I knew the staff had to understand that things were going to change, and they began to do so immediately. Although most of the staff stayed, a few left, primarily because these three points had sharp teeth. In the end though, everyone knew how they were to treat each other and our customers, and that winning meant making the objectives and learning together from our successes and failures. And it worked. With the help of DNA, we came out swinging day after day, month after month, and took a crippled business and made it a huge success.

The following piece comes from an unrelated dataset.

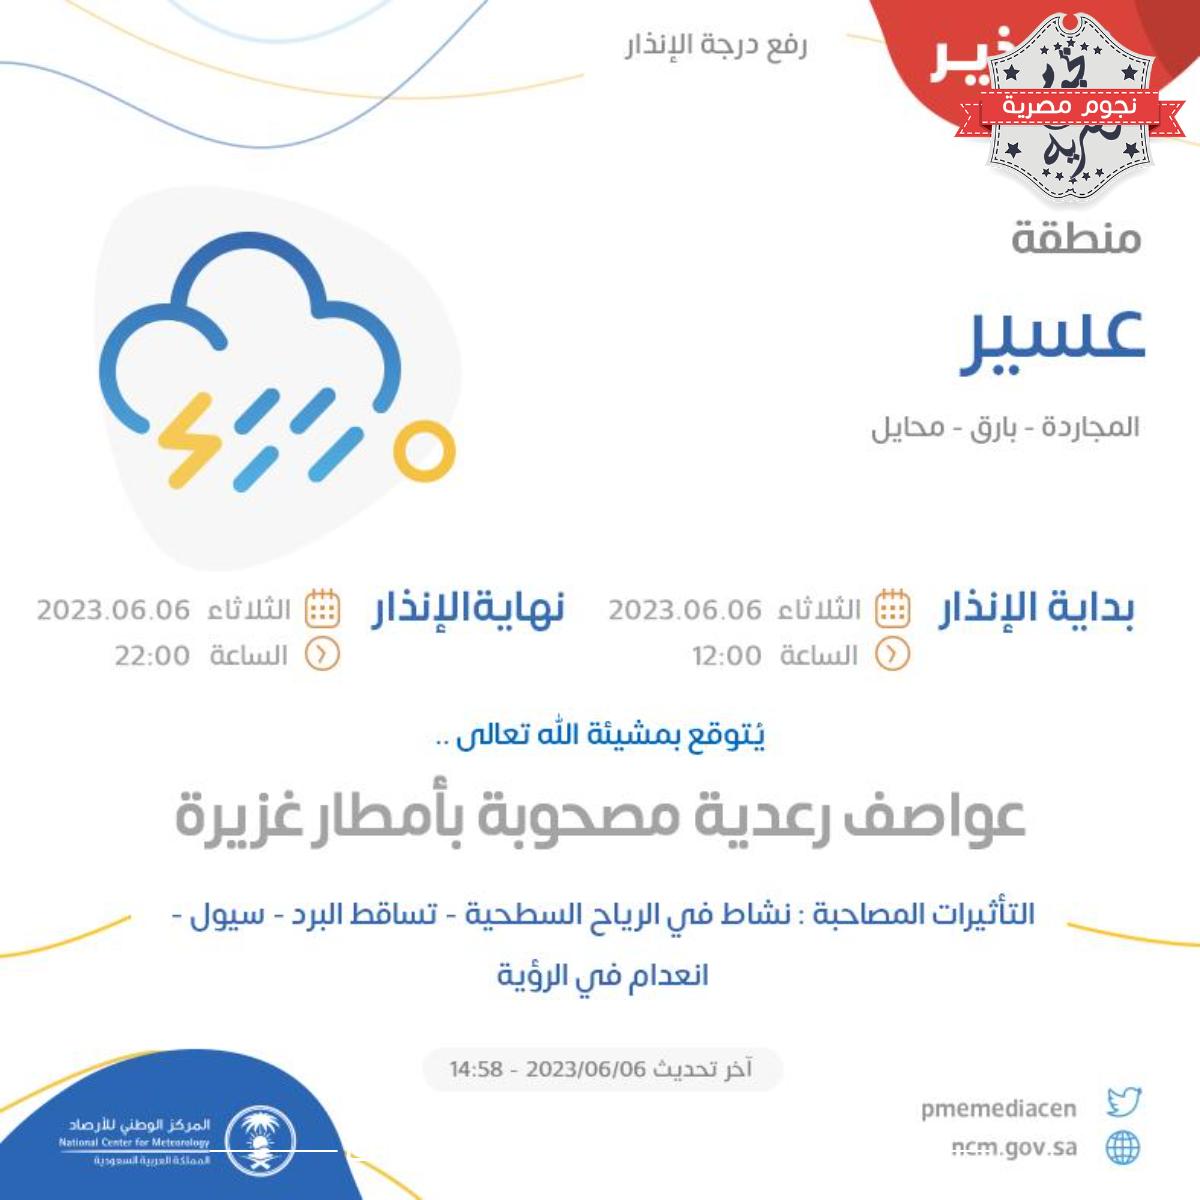 الوطني للأرصاد.. يحذر من سيول في عسير والمدينة المنورة و يتوقع أمطارًا على 12 منطقة بالمملكة

The Benefits of Protecting Your Company's Assets at Level 2

  • Understanding the need to protect your assets enables you to list, evaluate, and determine the extent to which they will enable you to meet your goals.
  • Understanding the need to protect your assets helps you realize that DNA is in every part of the internal machine, and that almost every change the business makes involves DNA in one way or another.
  • Understanding the need to protect your assets enables you to realize that any asset can be used to improve the business and to then create a DNA process to do so.
  • Understanding the need to protect your assets helps you make better decisions about how to use those you have because you are continuously matching them to the opportunity you have chosen to pursue.
  • Understanding the need to protect your assets enables you to anticipate how to protect them and what support will be needed from other assets to maximize their value.
Protecting Tangible and Intangible Assets at Level 2

As I have pointed out, your business is more likely to be successful if you maximize each of your assets and make sure they support each other. But this doesn't just happen by accident—it takes thought, planning, and preparation. And if you don't figure out beforehand what assets you have and how to coordinate and use them, they won't work together efficiently. This is one of the situations in which DNA plays an essential part in your business, regardless of whether you're involved in a start-up, a takeover, or in the process of reengineering your company.